It’s often said that in sport you learn more from your failures than your successes.
Which could ultimately be good news for Ollie Pope, a man who has suffered few of the former in a career that has been on an upward trajectory from the moment he picked up his first bat.
But Pope, like a good many others in England’s top order, found the going tough in India as England slumped to a 3-1 series defeat. It would be easy to pin the blame for that on the pitches Joe Root’s side encountered. The average mark passed down on the Ahmedabad pitch for the third Test was testimony to the vagaries that England faced on surfaces so foreign that they could, at times, have been playing on the moon.
But the below-par certification for the pitch could also be applied to England’s top order, which at various painful points of the last three Tests seemed either reluctant or simply unable to adapt.
Pope finished the series with 153 runs at an average of just 19, which may sound a paltry return but actually made him England’s third top runscorer across the four Tests.
Of greater significance moving forward is how the 23-year-old uses that experience to bolster his England career in the future.
“The winter was pretty tough, as was pretty obvious, for a lot of us batters out there,” he says. “The wickets were pretty tough but I learnt lots of good lessons moving forward, not for just playing in India but playing on day four, day five wickets.
“I learnt a lot from those wickets and how they played and what brought success out there. It was obviously challenging from a run-scoring perspective but I can take the positives and benefits from it.”
Pope’s summer had ended prematurely after he dislocated his shoulder during the third and final Test of England’s series against Pakistan. It was the second time Pope had suffered the injury, with the stroke-maker having previously been ruled out for three months of the 2019 season after a similar incident in the field for Surrey.
With that injury now behind him, Pope will be looking to hit the ground running as Surrey begin their County Championship campaign against Gloucestershire at Bristol on Thursday. With England starting their Test summer against New Zealand on 2 June, he’ll also hope that he has credit in the bank after scoring a first century in just his sixth Test against South Africa in Port Elizabeth last winter.
Having failed to reach a fifty in his past six Tests, though, he knows that he needs to re-find his feet sooner rather than later. He’ll take comfort in the knowledge that the conditions he faced in India will be tougher than pretty much any he’ll come up against again.

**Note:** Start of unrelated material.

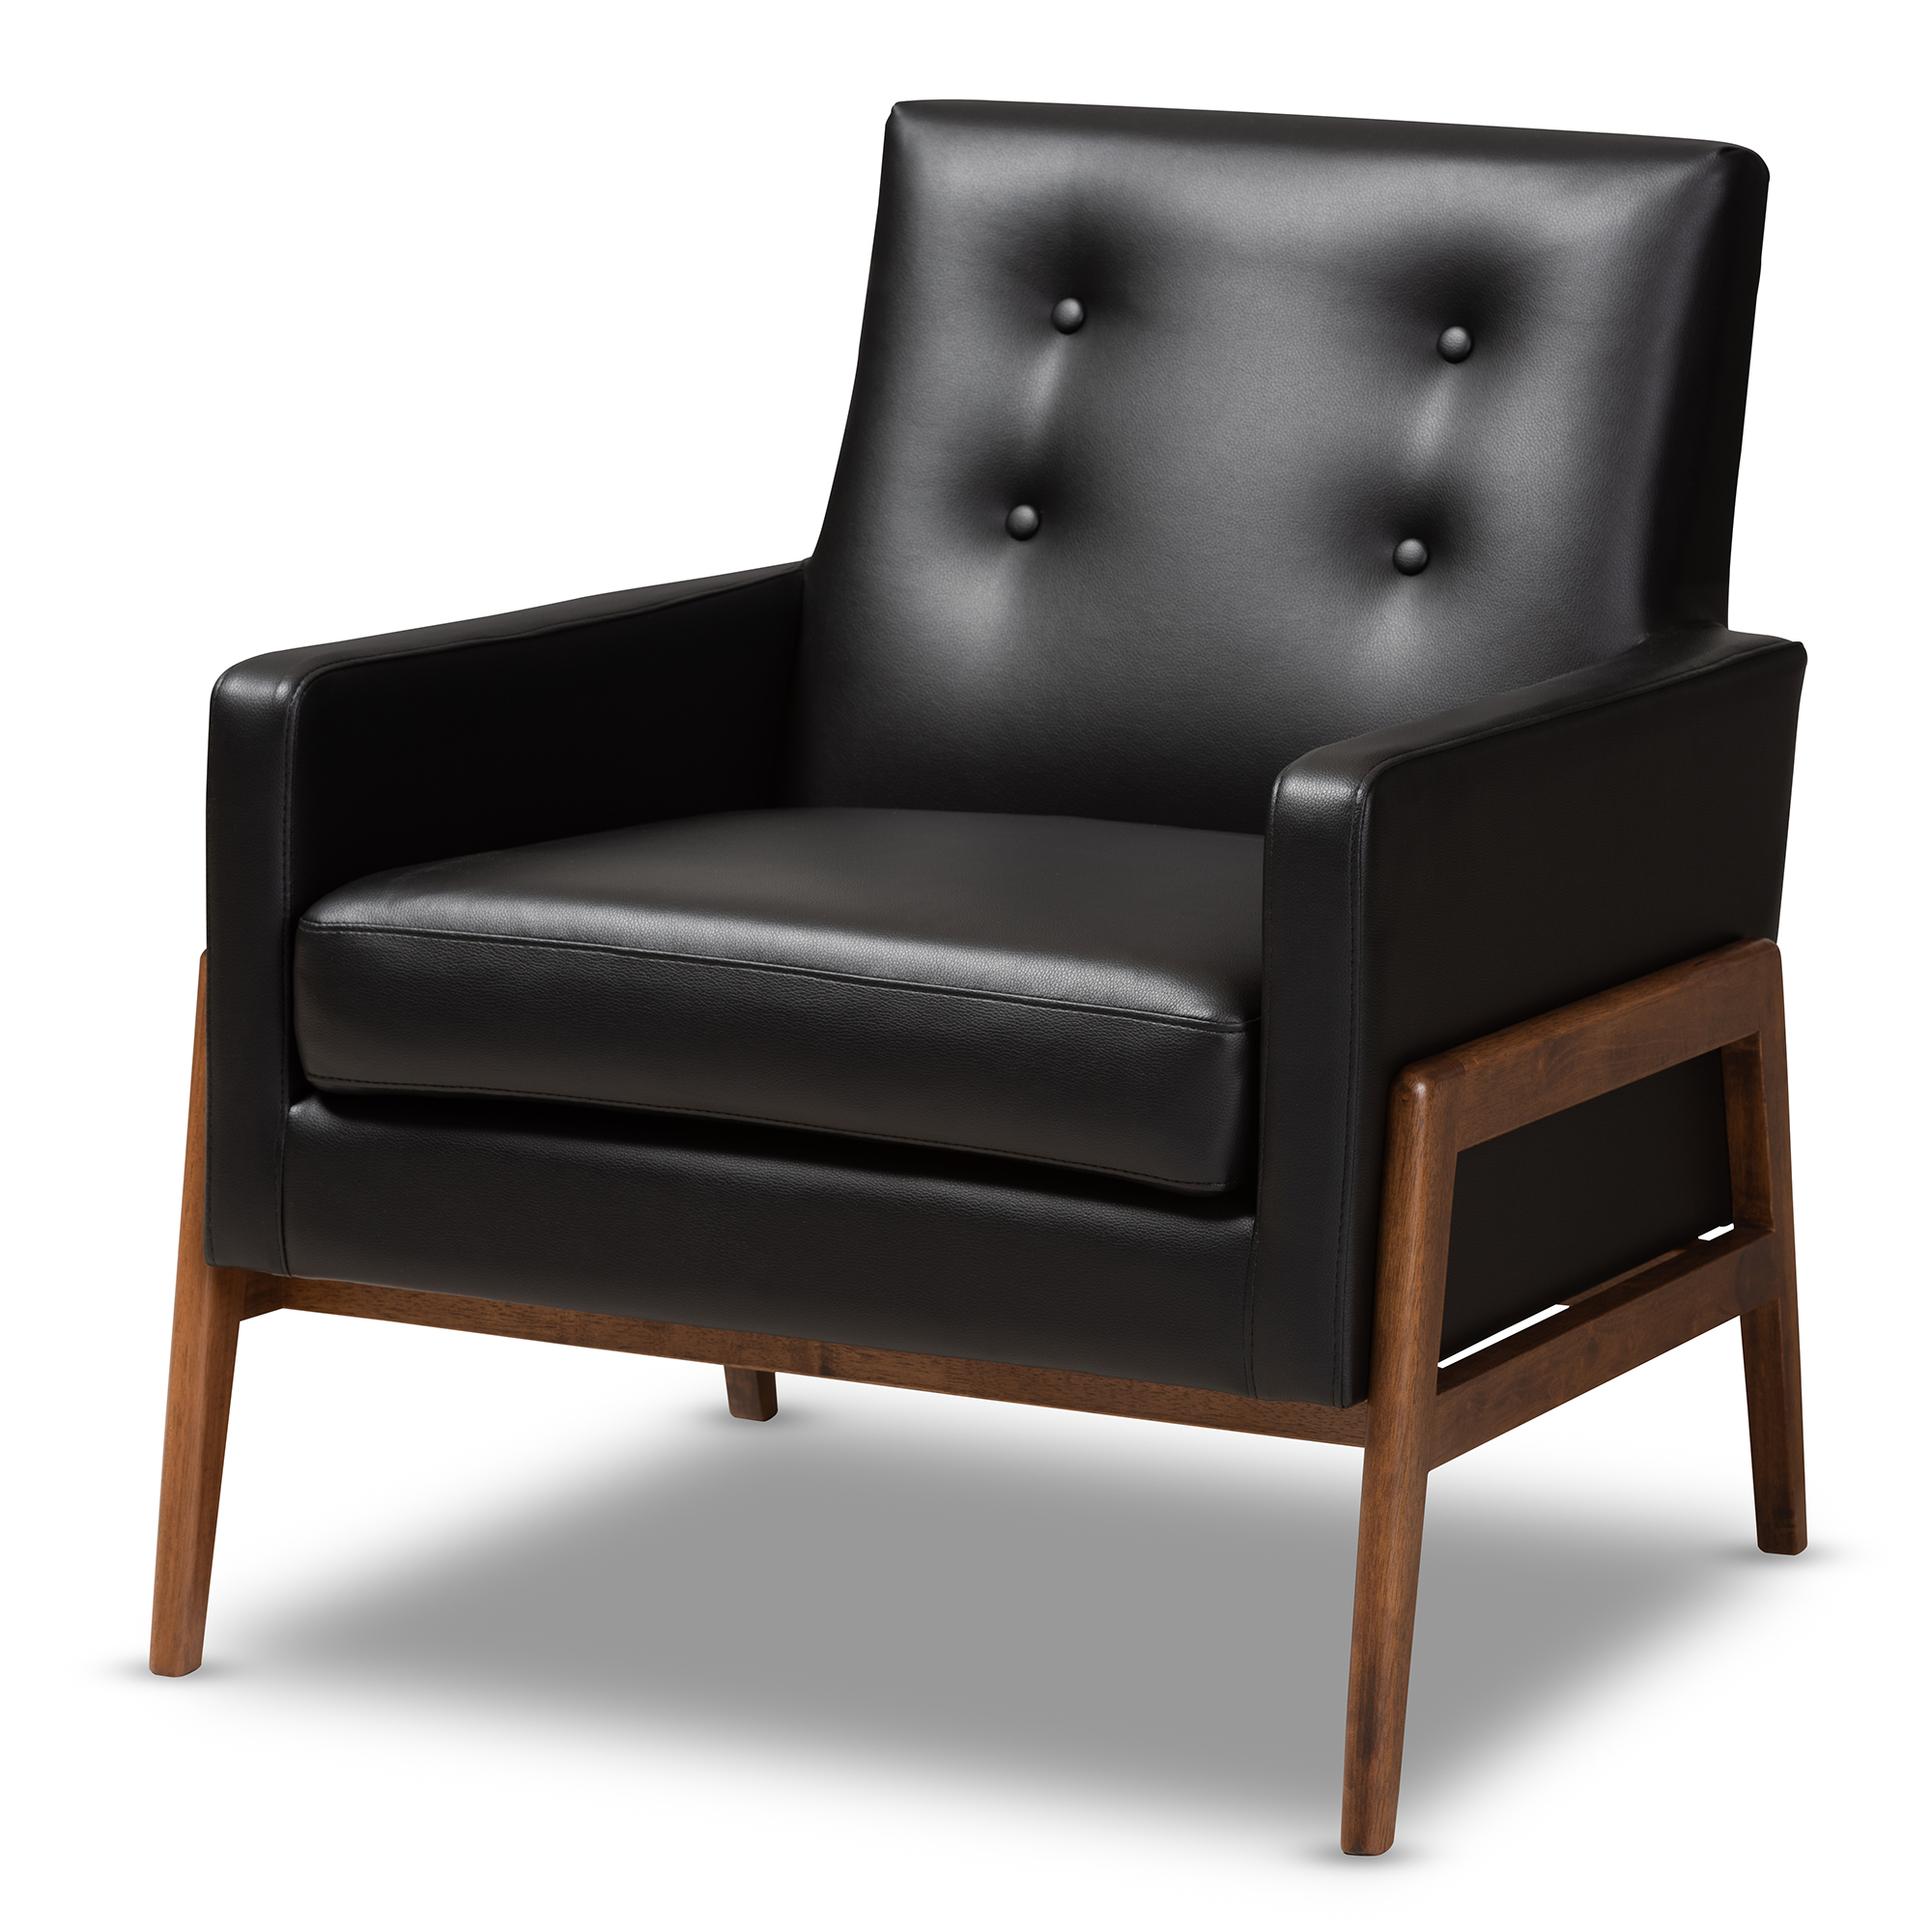 Terrific Baxton Studio Perris Mid Century Modern Black Faux Leather Inzonedesignstudio Interior Chair Design Inzonedesignstudiocom

“After that first game, I remember I was batting first innings, played okay [but] felt pretty rusty,” he says. “In the second innings the pitch started spinning quite a lot, I was standing at the non-strikers end and [Virat] Kohli came up to me and said that this was the last of the flat wickets. At that point, I knew it was going to be a challenging, from a batting point of view, rest of the series.
“Because they were extreme, they did spin a lot, especially with that pink ball, that made it even tougher. If you look at who was the most successful on those big spinning wickets, it was probably the Rohit Sharma’s and the Rishabh Pant’s. Don’t get me wrong, they trusted their defence really well but they’ve got some great boundary options as well, which allowed them to turn the pressure to the bowler a little bit.
“Obviously defending you do need a little bit of luck, you need your play and misses and you need to hope your nicks drop short, but I think if you can just really nail your boundary options and if you know that if he gets into this area you can hit him over Cow [Corner] or mid-on for six of four, that’s a good way of turning pressure over.”
Pope argues that merely accumulating runs on pitches where the next ball could very well have your name on it perhaps isn’t the best option. Although England’s capitulation in two days in the third Test did little to dispel the notion that a modicum of patience might have gone a long way.
That said, batting at the Oval in the early part of this domestic season will seem a doddle to a batsman who boasts a first-class average in excess of 50.
“Chatting to the more experienced guys, the Joe Root’s, the Ben Stokes, those guys were pretty much saying exactly the same – these are the toughest conditions they’ve played in,” says Pope. “If those guys are saying it as well, then you know how challenging it is.”
With the Himalayan task of reclaiming the Ashes approaching rapidly, Pope will hope his Indian examination helps him pass his next test with flying colours.